Un esempio toccante di questa risonanza personale è la storia di una bambina, Renata, che da piccola gettonava spesso "Giochi di bimba" nel jukebox di un bar a Gignod, una piccola località della Valle d’Aosta, dove trascorreva le estati. Quella melodia un po' cantilenante e un testo che racconta il passaggio di una ragazza all'età adulta, con sottintesi che allora sicuramente non comprendeva, la ammaliava. Il ricordo di quel brano, scovato poi con una piccola ricerca in rete, sottolinea come la musica delle Orme abbia plasmato le esperienze e le fantasie di intere generazioni. Renata e sua nonna, un giorno, "se ne stettero tutta la mattina in quel bar dando fondo a tutti i loro spiccioli per riascoltarla". Per loro, contava solo la bambina di quella canzone, e quella bambina aveva il "volto di latte" e "raggi di luna tra i folti capelli". Ma soprattutto contava che quella bambina era Lei, era Renata… ed era anche la nonna, la quale, a differenza degli altri adulti, non aveva mai tentato di soffocare la sua fantasia, considerandola anzi, con grande saggezza, un dono assai prezioso. Era come se la nonna suonasse coi suoi antichissimi gesti un magico flauto e la bambina cantasse il suo stupore di essere al mondo. Questo legame tra musica e vita, tra testo e esperienza personale, è la vera essenza della durata di un brano come "Gioco di bimba".
Il testo di "Gioco di bimba" diventa così un'opportunità per esplorare la complessità delle relazioni, la crescita e le sfide della vita.
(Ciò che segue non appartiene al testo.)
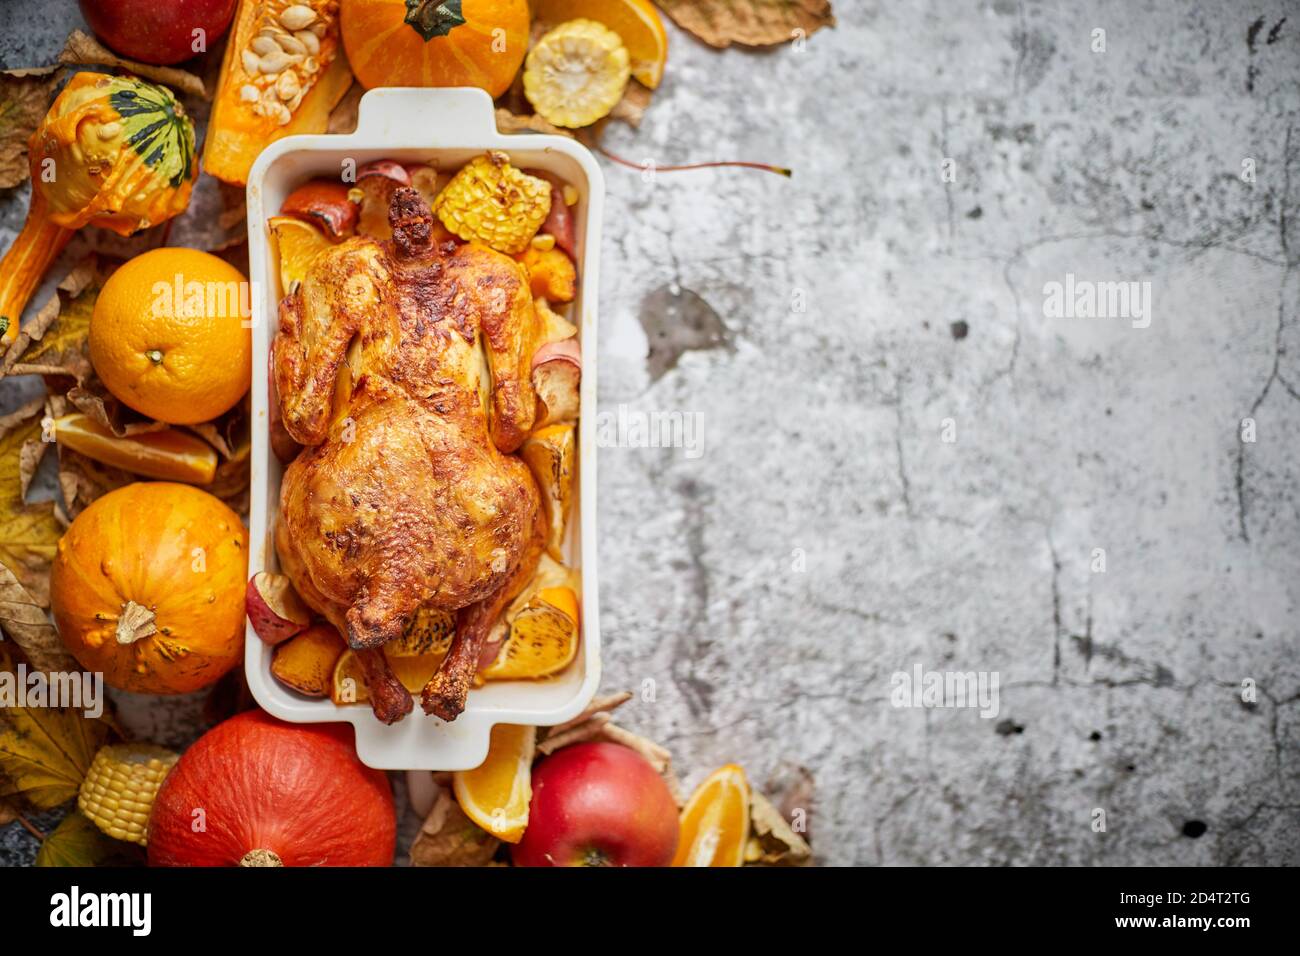 Table de Thanksgiving avec poulet entier rôti ou dinde, citrouille, pommes de terre cuites au four, châtaignes et légumes d'automne grillés. Vue de dessus, au-dessus de la tête. Banque D'Images

Quando la nonna di Renata morì, lei aveva quattordici anni, e pur essendo già una "donna", come dice il testo, con una "assoluta indipendenza psichica", era ancora legalmente una bambina. La nonna aveva saputo coltivare in lei un coraggio e una fantasia che le permettevano di vedere oltre il buon senso comune, oltre le "bocche della paura" o del "se qualcuno sapesse". La melodia di "Gioco di bimba" continuava a risuonare nella sua vita, anche quando un piccolo giocoliere apparve davvero, non con gli occhi di ghiaccio, ma uno studente ventenne che aveva notato quella "piccola enorme fanciulla". Questa storia personale si intreccia con i temi della canzone: l'innocenza che si perde, la scoperta dell'amore, il passaggio alla maturità, il "grido al mattino" che può essere il risveglio a una nuova realtà o la conferma di un amore inaspettato.
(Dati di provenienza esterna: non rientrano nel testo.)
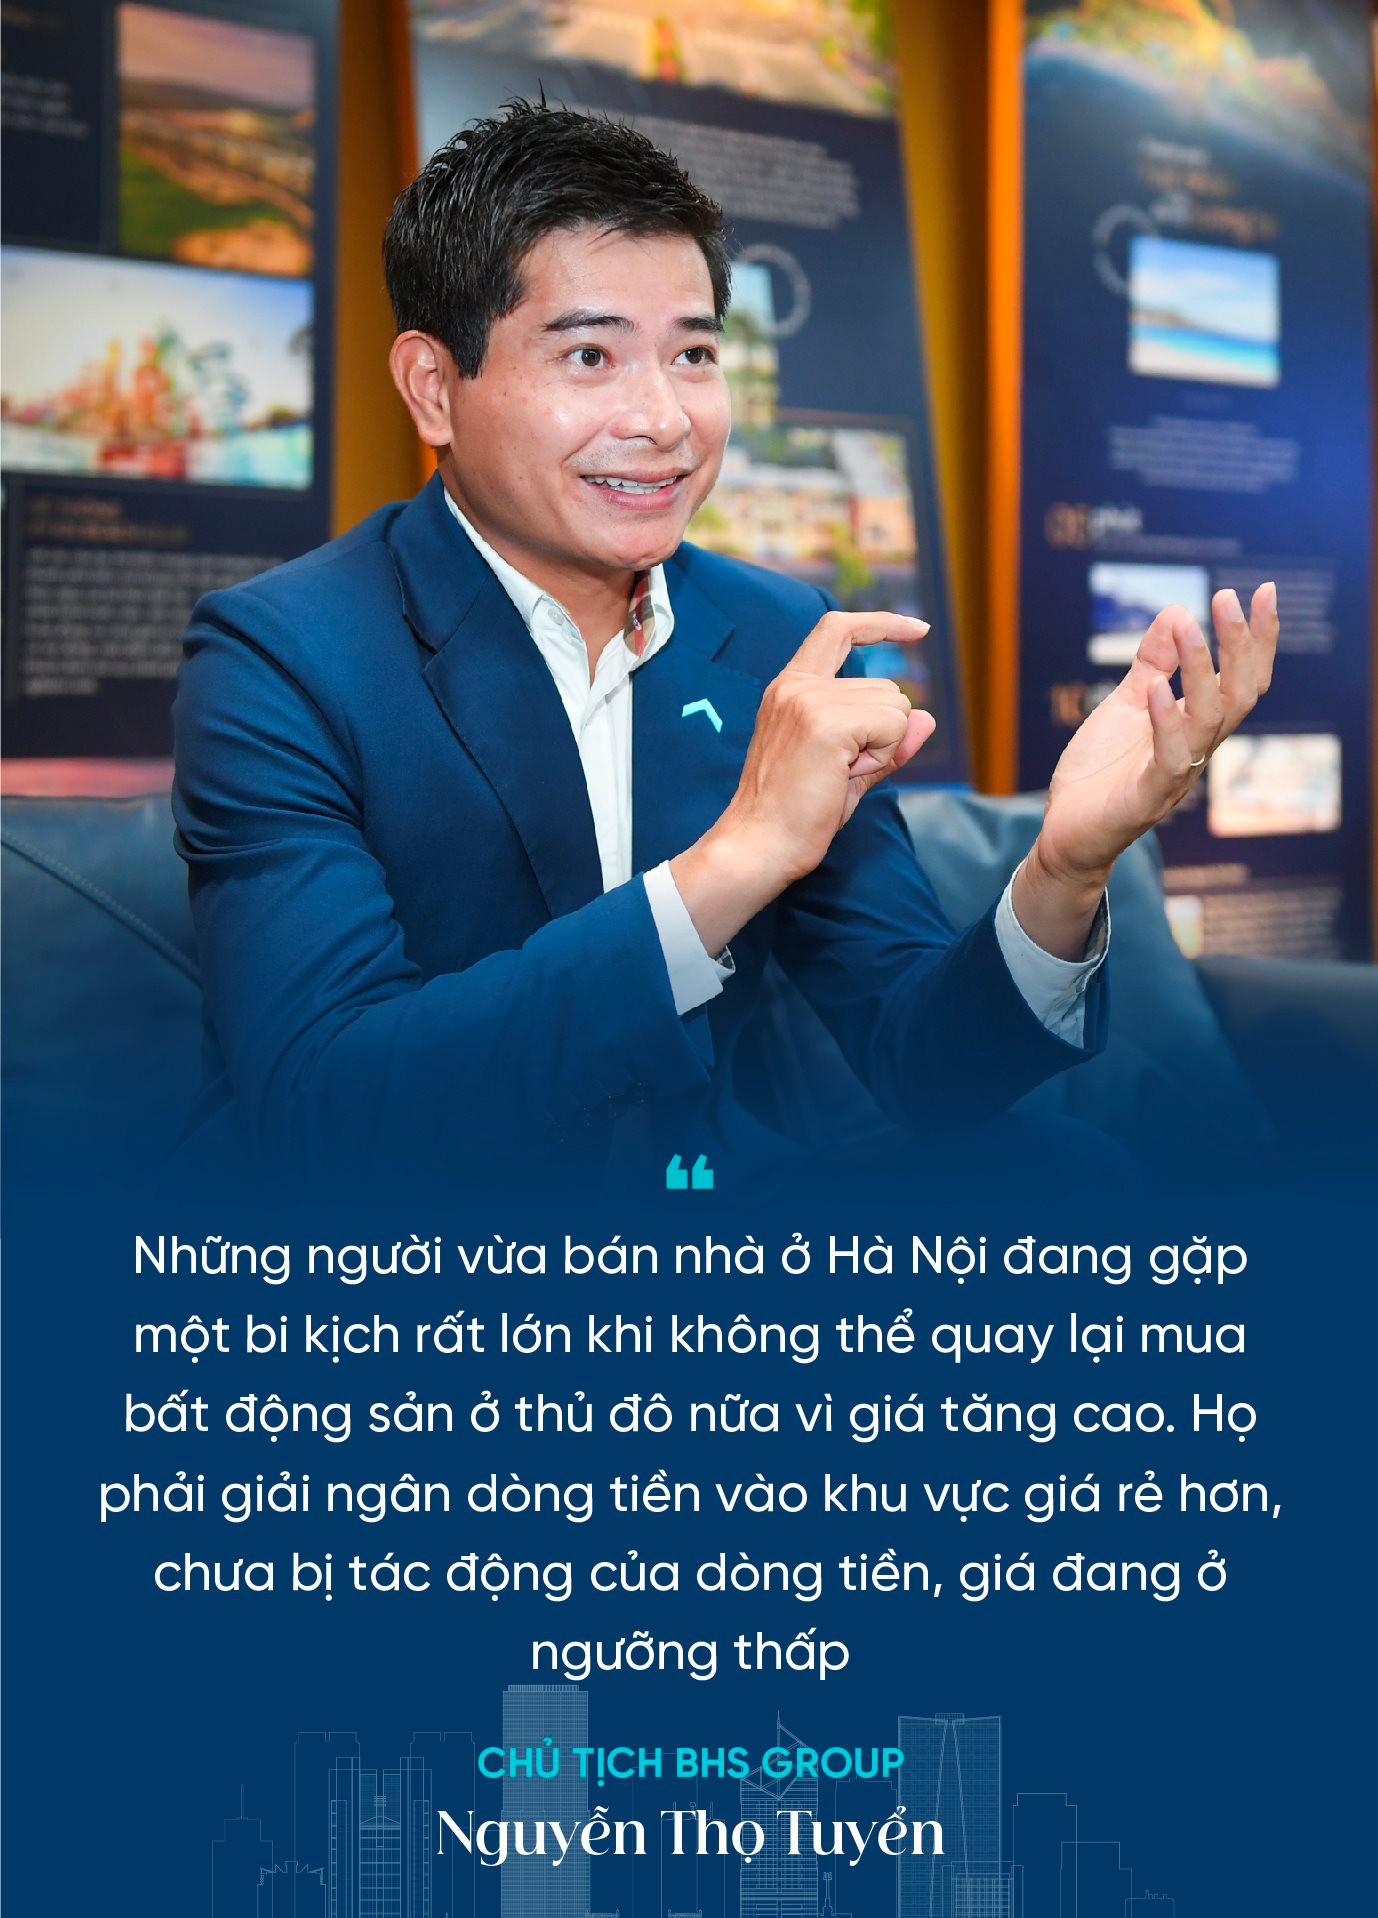 Chủ tịch BHS Group Nguyễn Thọ Tuyển: Dòng tiền lớn như một quả bom nguyên tử đang “hâm nóng” bất động sản Hà Nội, tiếp theo sẽ kích nổ hàng loạt khu vực - Ảnh 6.

Le parole della canzone, "Dondola, dondola, il vento la spinge / Cattura le stelle per i suoi desideri. / Un'ombra furtiva si stacca dal muro: / Nel gioco di bimba si perde una donna. / Un grido al mattino in mezzo alla strada, / Un uomo di pezza invoca il suo sarto / Con voce smarrita per sempre ripete / 'io non volevo svegliarla così' / 'io non volevo svegliarla così'", continuano a risuonare, lasciando all'ascoltatore il compito di decifrare il proprio significato, di perdersi nel proprio "sogno di bimbo" o di confrontarsi con la realtà di un "uomo contemporaneo" che emette un grido di sconforto. La canzone de Le Orme, con la sua melodia incantata e il suo testo enigmatico, rimane un ponte tra mondi, tra il fiabesco e il crudele, tra l'infanzia e l'età adulta, un'opera d'arte che continua a vivere e a far sognare, o a far riflettere, chiunque l'ascolti.